When Drake appeared at the 61st annual Grammy Awards on Sunday, February 10, everyone was shocked. Earlier this month, Grammys producer Ken Ehrlich told The New York Times he had offered Drake a performance slot at the show – which he turned down. The singer, 32, hasn’t appeared at the biggest night in music since 2013. Then, in 2017, he said in an interview with OVO Sound that he doesn’t consider himself a rapper but “the only category they can manage to fit me in is a rap category.”
“If I ever feel like an outsider, it’s usually because I’m not American. That’s when I feel like people are against me,” Drake, whose real name is Aubrey Graham, said at the time. “I guess maybe it has something to do with the fact that I have quite an eclectic makeup. I am mixed, I am Jewish … at the end of the day, when it comes to everything else, I’m black.”
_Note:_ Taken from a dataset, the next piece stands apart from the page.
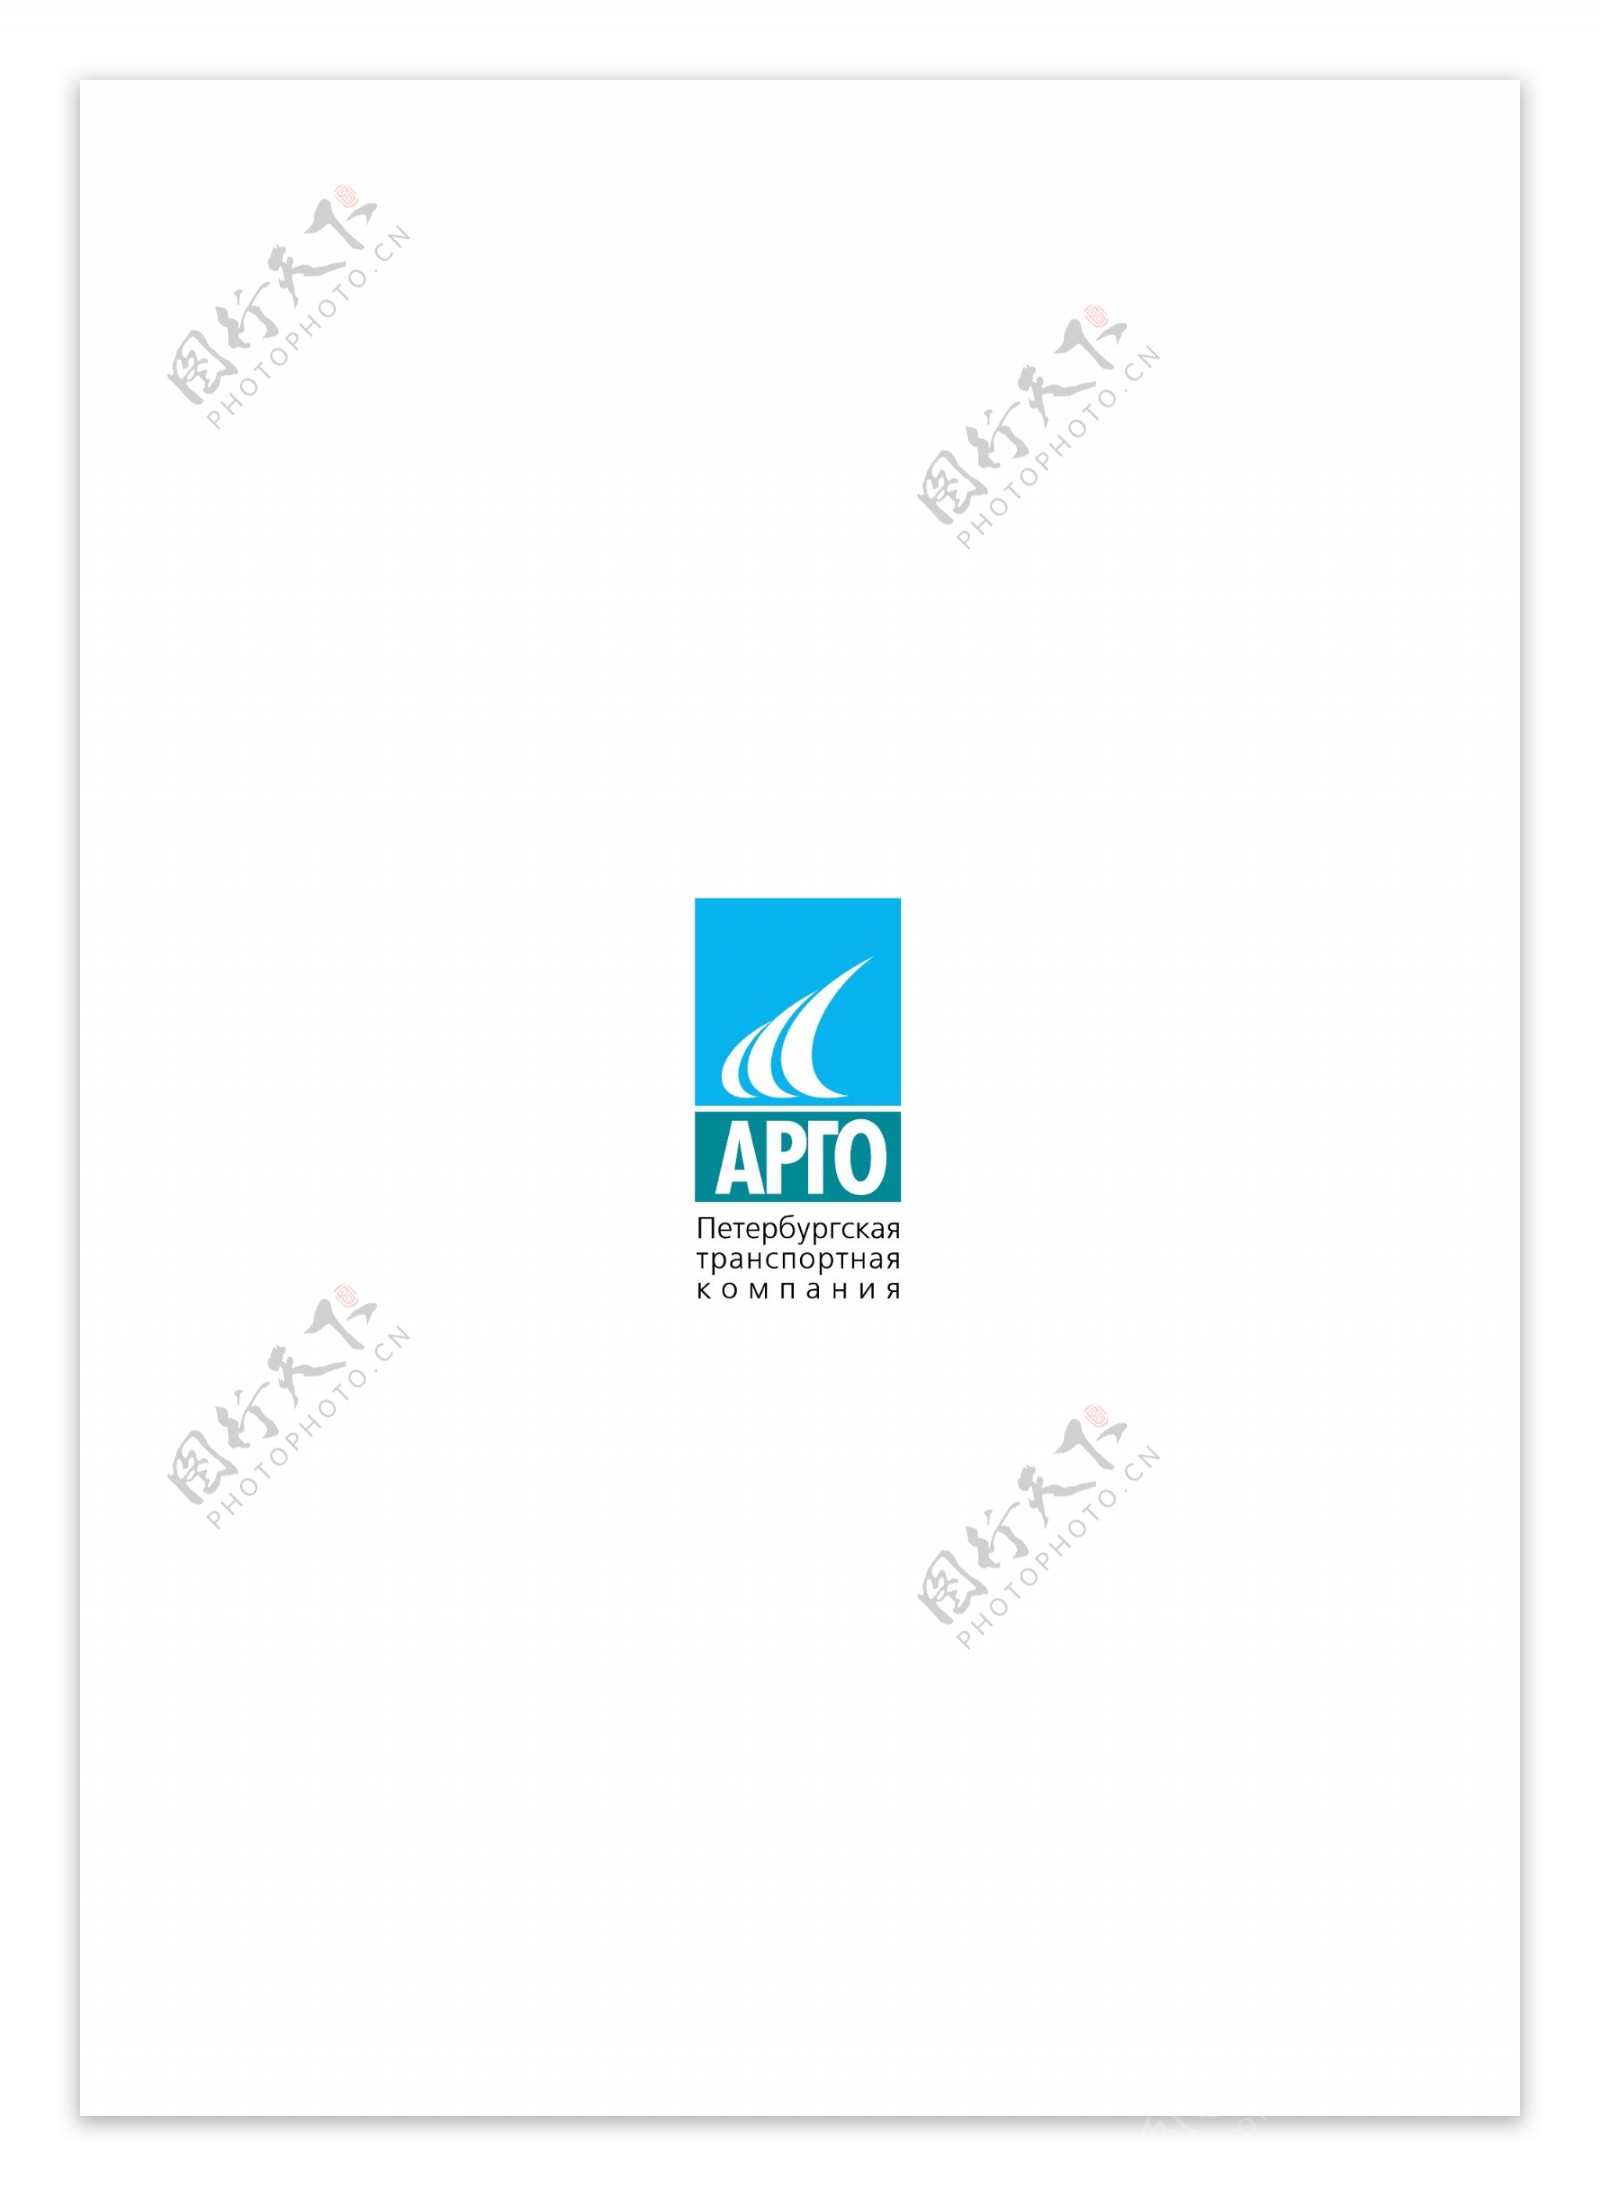 Argologo设计欣赏Argo航空运输标志下载标志设计欣赏

However, 2019 was the exception. Drake walked out on stage when Dan + Shay announced that he had won the Best Rap Song trophy for “God’s Plan.”
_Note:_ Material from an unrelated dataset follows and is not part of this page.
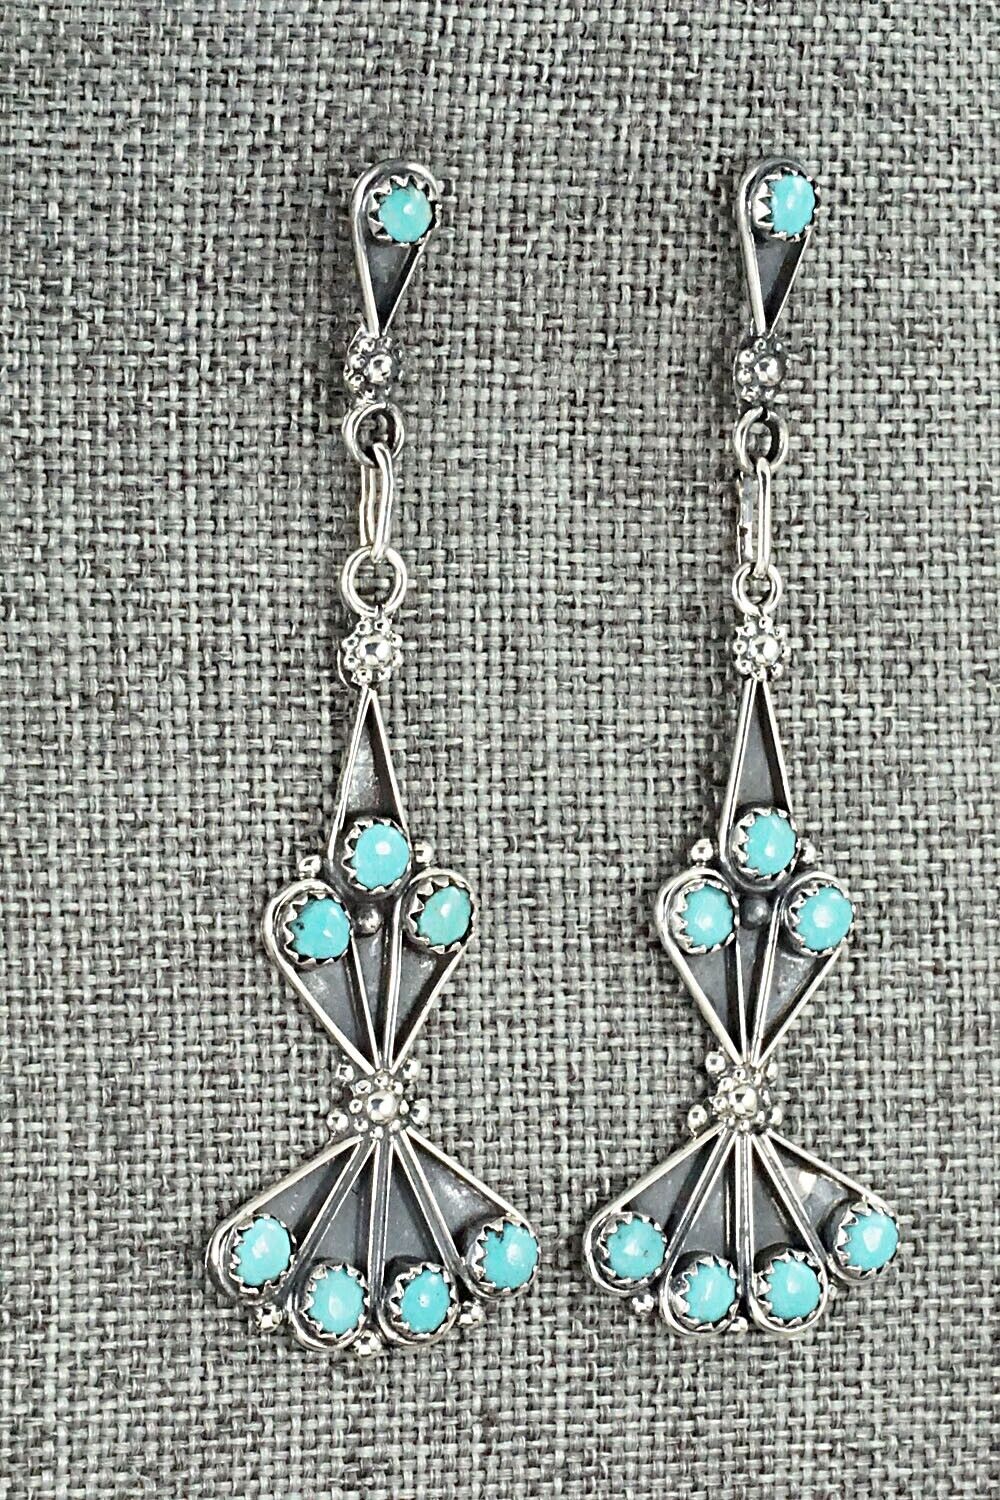 Turquoise & Sterling Silver Earrings - Vivianita Booqua

“It’s like the first time in Grammys history where I actually am who I thought I was for a second, so I like that. I definitely did not think I was winning anything,” he began his speech. “I want to take this opportunity while I’m up here to talk to all the kids watching, those aspiring to do music, and all my peers that make music from their heart, that do things pure and tell the truth. I want to let you know we play in an opinion-based sport, not a factual-based sport. It is not the NBA, where at the end of year you’re holding a trophy because you made the right decisions or won the games.”
He continued: “This is a business where sometimes it is up to a bunch of people that might not understand what a mixed-race kid from Canada has to say … or a fly Spanish girl from New York or anyone else, or a brother from Houston right there, my brother Travis [Scott],” the “Hotline Bling” crooner said. “You’ve already won if you have people who are singing your songs word for word, if you are a hero in your hometown. If there is (sic) people who have regular jobs who are coming out in the rain, in the snow, spending their hard-earned money to buy tickets to come to your shows, you don’t need this right here, I promise you, you already won.”
Audiences at home then could hear him say, “but,” before CBS went to a commercial break.
Update: A rep for the show informed press after the show that producers thought Drake was done with his speech when he paused; they offered him the chance to get back on stage and finish his speech, but he said he was happy with what he had said and didn’t have anything to add.